In California, treatment requests are evaluated for approval using the “evidence-based” medical (EBM) approach in Labor Code section 5307.27(a).  With this EBM approach in mind, is a request for cannabis reasonably required to cure or relieve an injured worker’s injury under LC 4600?  For now, there is no easy answer to that question for California employers.  However, that does not mean that no one has attempted this.

In California, a medical provider requests treatment modalities by using a Request for Authorization (RFA).  The employer can either approve the requested treatment or have it placed thru Utilization Review (UR).  IF UR non-certifies the RFA, the injured worker can appeal thru Independent Medical Review (IMR).  The IMR stage is where we pick up the issue of employer liability for cannabis.  It appears that, so far, there is just a single IMR decision on employer liability for cannabis to “cure or relieve”, Cm19-0016741, 84 Cal. Comp. Cases 465, 2019 Cal. Wrk. Comp. LEXIS 23.  For those without Lexi access (and really, who would that be), California IMR decisions can be found at

The Cm19-0016741 case dealt with a RFA for a referral to a pain physician who specializes in prescribing cannabis for pain control. UR non-certified the request and the injured worker filed for IMR.
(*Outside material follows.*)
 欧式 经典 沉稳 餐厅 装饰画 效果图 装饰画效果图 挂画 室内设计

The reviewer in this case noted the difficulties in determining whether cannaboids fit within EBM.  It was noted that the Medical Treatment Utilization Schedule (MTUS) 2017 is silent in regards to cannaboids and the Official Disability Guidelines note “Not recommended for pain”.  The reviewer cited a study that noted “there are no quality studies supporting cannabinoid use, and there are serious risks. Restricted legal access to Schedule I drugs, such as marijuana, tends to hamper research in this area. It is also very hard to do controlled studies with a drug that is psychoactive because it is hard to blind these effects. At this time, it is difficult to justify advising patients to smoke street-grade marijuana, presuming that they will experience benefit, when they may also be harmed”.

Request for cannabis denied this time.

Apart from the question of an employer providing cannabis to an injured worker is the question about whether the employer can be made to pay for it.  Why would this be an issue?  Paying for cannabis could violate Federal law.  After all, as the IMR reviewer noted, marijuana is a federal schedule I narcotic.  The employer argument is that it is a violation of the Controlled Substances Act to reimburse or pay for cannabis for the treatment of an injured worker and that state laws to the contrary are preempted by this Act.
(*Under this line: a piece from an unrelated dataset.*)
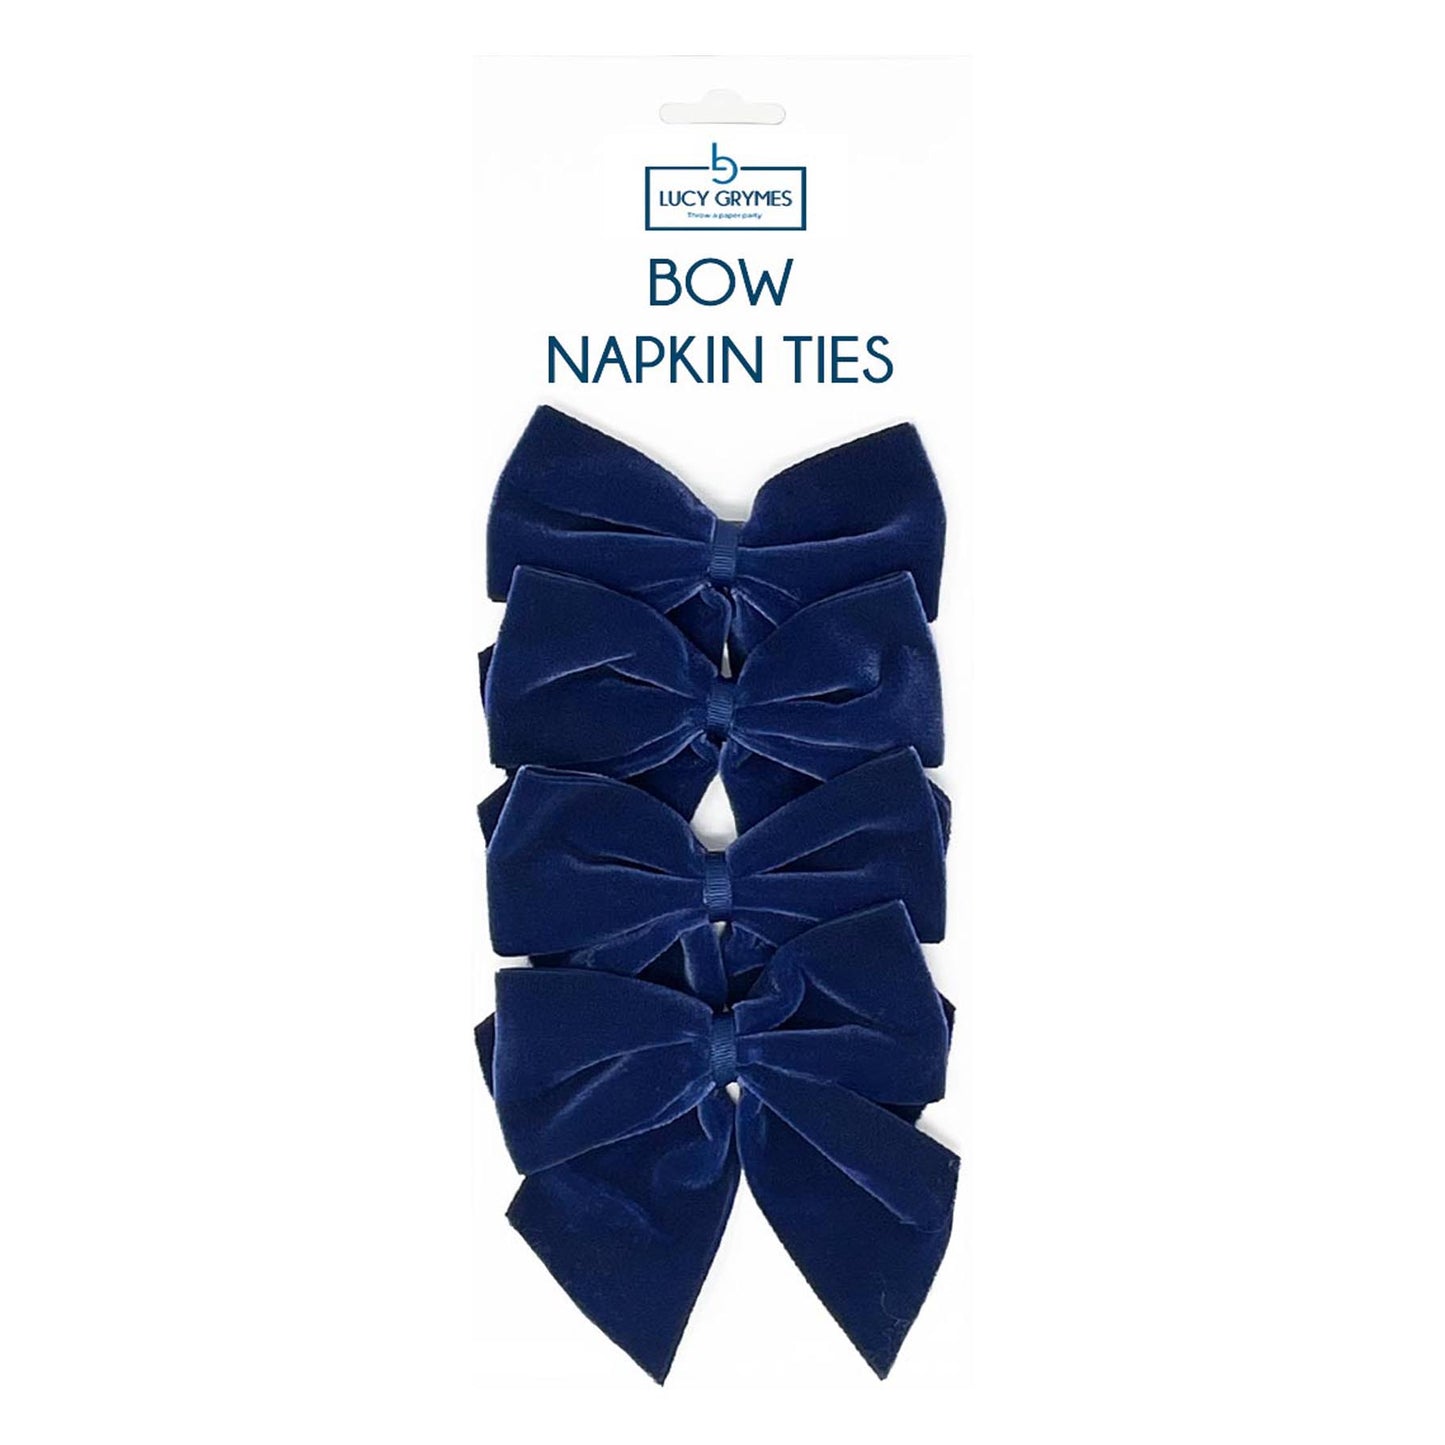 *NEW* Navy Bow Napkin Ties

A case in Minnesota dealt with this very issue.  In Musta v. Mendota Heights Dental Ctr., 2022 U.S. LEXIS 1036, the Minnesota Supreme Court ruled that the Controlled Substances Act preempted a state order requiring reimbursement for medical cannabis.  The U.S. Supreme Court declined to review.  Other states may have reached contrary positions and it would appear that a federal case will be necessary to resolve this federal question.

A nine year old case in California dealt with the issue of a health insurance provider could be held liable for reimbursement for a claim of medicinal use of marijuana.  That case dealt with the Health and Safety Code sec. 11362.785(d), which notes “This section does not require a governmental, private, or any other health insurance provider or health care service plan to be liable for a claim for reimbursement for the medicinal use of cannabis”.  Cockrell v. Farmers Insurance, 2015 Cal.Wrk.Comp. P.D. LEXIS 95 was a WCAB panel decision that partially addressed this issue and the argument, by a defendant, of no liability. The defendant argued an Award finding liability for reimbursement was in error because of California Health and Safety Code sec. 11362.785(d).  On appeal, the Board sidestepped the issue of reimbursement by holding “[P]arties and the WCJ did not analyze the issue of whether a workers’ compensation insurer constitutes a “health insurance provider” for the purposes of Health and Safety Code section 11362.785(d)”.

So, is an employer required to provide and pay for cannabis products to “cure or relieve” from the effects of an industrial injury?  It appears that the answer is no.  But that no, must be qualified with a “not for now”.  This issue is certainly on the horizon.